I've also found this question/answer on SO , but the accepted answer just brings up the 'save as' box, and does not provide a way to click it (as two commenters point out)我还在SO 上找到了这个问题/答案,但是接受的答案只是弹出了“另存为”框,并且没有提供点击它的方法(正如两位评论者指出的那样)

Is there a simple way to 'save [full page] as' using python?有没有一种使用 python 将 [整页] 另存为的简单方法? Ideally I'd prefer an answer using selenium since selenium makes the crawling part so straightforward, but I'm open to using another library if there's a better tool for this job.理想情况下,我更喜欢使用 selenium 的答案,因为 selenium 使爬行部分变得如此简单,但如果有更好的工具来完成这项工作,我愿意使用另一个库。 Or maybe I just need to specify all of the images/tables I want to download in code, and there is no shortcut to emulating the right-click 'save as' functionality?或者也许我只需要在代码中指定我想下载的所有图像/表格,并且没有模拟右键单击“另存为”功能的快捷方式?

UPDATE - Follow up question for James' answer So I ran James' code to generate a page.html (and associated files) and compared it to the html file I got from manually clicking save-as.更新 - 跟进 James 回答的问题 所以我运行 James 的代码来生成page.html (和相关文件)并将其与我通过手动单击另存为获得的 html 文件进行比较。 The page.html saved via James' script is great and has everything I need, but when opened in a browser it also shows a lot of extra formatting text that's hidden in the manually save'd page.通过 James 的脚本保存的page.html很棒并且拥有我需要的一切,但在浏览器中打开时它还会显示许多隐藏在手动保存页面中的额外格式文本。 See attached screenshot (manually saved page on the left, script-saved page with extra formatting text shown on right).请参阅随附的屏幕截图(左侧为手动保存的页面,右侧显示带有额外格式文本的脚本保存页面)。 在此处输入图像描述

This is especially surprising to me because the raw html of the page saved by James' script seems to indicate those fields should still be hidden.这让我感到特别惊讶,因为 James 脚本保存的页面的原始 html 似乎表明这些字段仍应隐藏。 See eg the html below, which appears the same in both files, but the text at issue only appears in the browser-rendered page on the one saved by James' script:请参见下面的 html,它在两个文件中显示相同,但有问题的文本仅出现在 James 脚本保存的浏览器呈现页面中:

<p class="helpbox ui-ncbitoggler-slave ui-ncbitoggler" id="hlp1" aria-hidden="true">
These options control formatting of alignments in results pages. The
default is HTML, but other formats (including plain text) are available.
PSSM and PssmWithParameters are representations of Position Specific Scoring Matrices and are only available for PSI-BLAST. 
The Advanced view option allows the database descriptions to be sorted by various indices in a table.
</p>

Any idea why this is happening?知道为什么会这样吗?

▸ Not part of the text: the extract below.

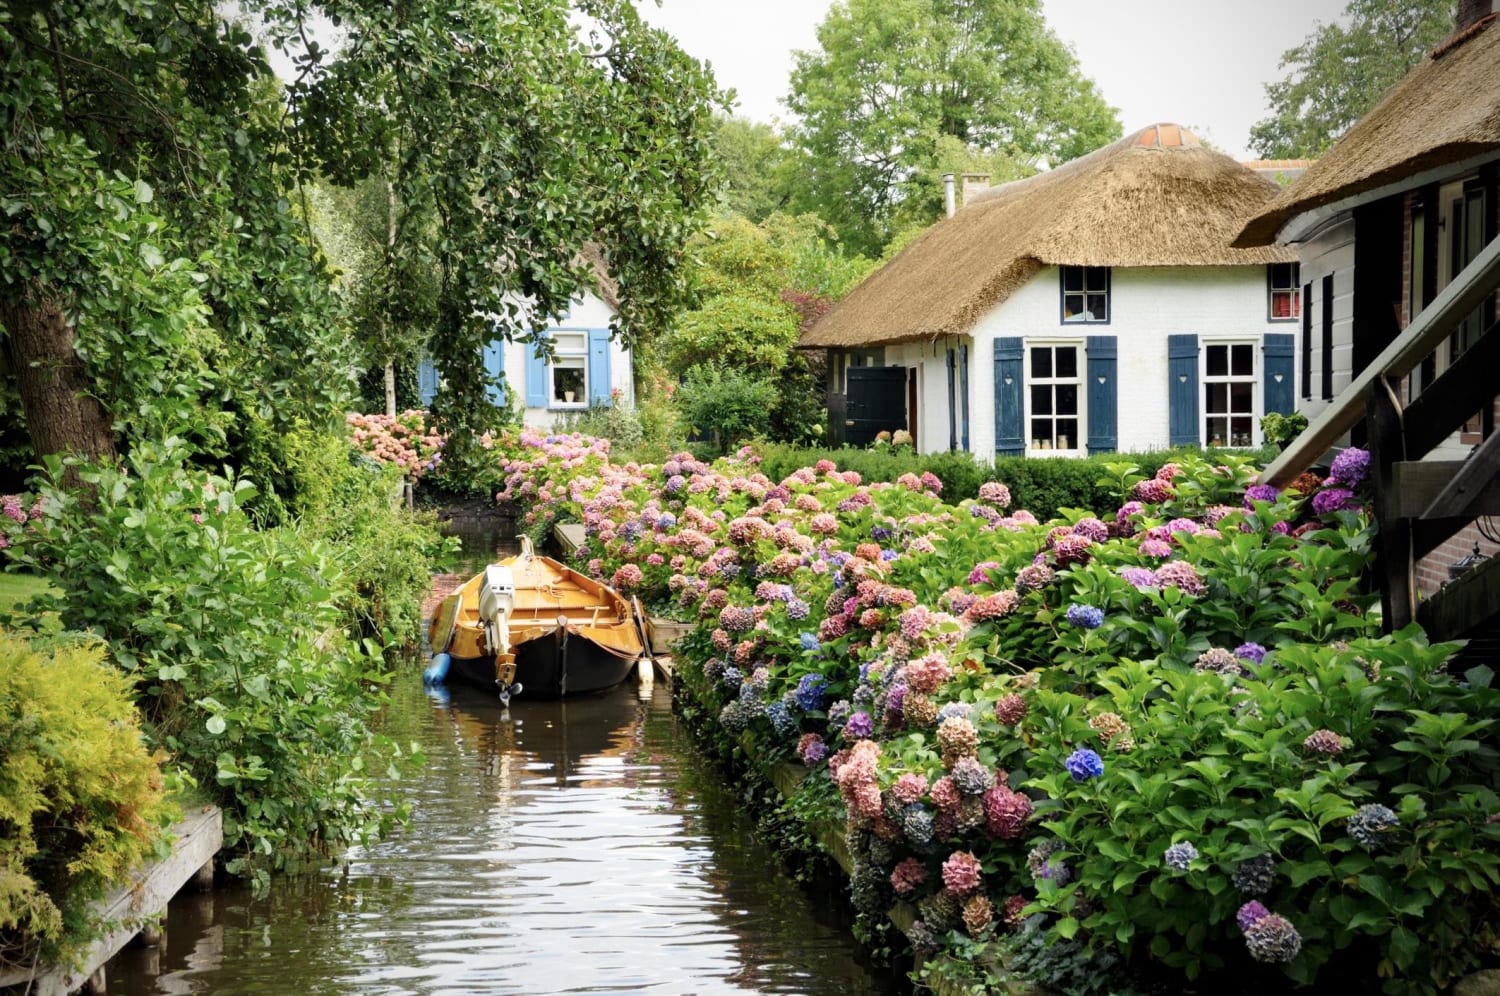 Cozy living in the Netherlands

As you noted, Selenium cannot interact with the browser's context menu to use Save as... , so instead to do so, you could use an external automation library like pyautogui .正如您所指出的,Selenium 无法与浏览器的上下文菜单交互以使用Save as... ,因此您可以使用外部自动化库(如pyautogui

pyautogui.hotkey('ctrl', 's')
time.sleep(1)
pyautogui.typewrite(SEQUENCE + '.html')
pyautogui.hotkey('enter')

This code opens the Save as... window through its keyboard shortcut CTRL+S and then saves the webpage and its assets into the default downloads location by pressing enter.此代码通过其键盘快捷键CTRL+S打开Save as...窗口,然后通过按 Enter 将网页及其资产保存到默认下载位置。 This code also names the file as the sequence in order to give it a unique name, though you could change this for your use case.此代码还将文件命名为序列,以便为其提供唯一名称,但您可以根据您的用例更改此名称。 If needed, you could additionally change the download location through some extra work with the tab and arrow keys.如果需要,您还可以通过使用 Tab 键和箭头键进行一些额外操作来更改下载位置。

Tested on Ubuntu 18.10;在 Ubuntu 18.10 上测试; depending on your OS you may need to modify the key combination sent.根据您的操作系统,您可能需要修改发送的组合键。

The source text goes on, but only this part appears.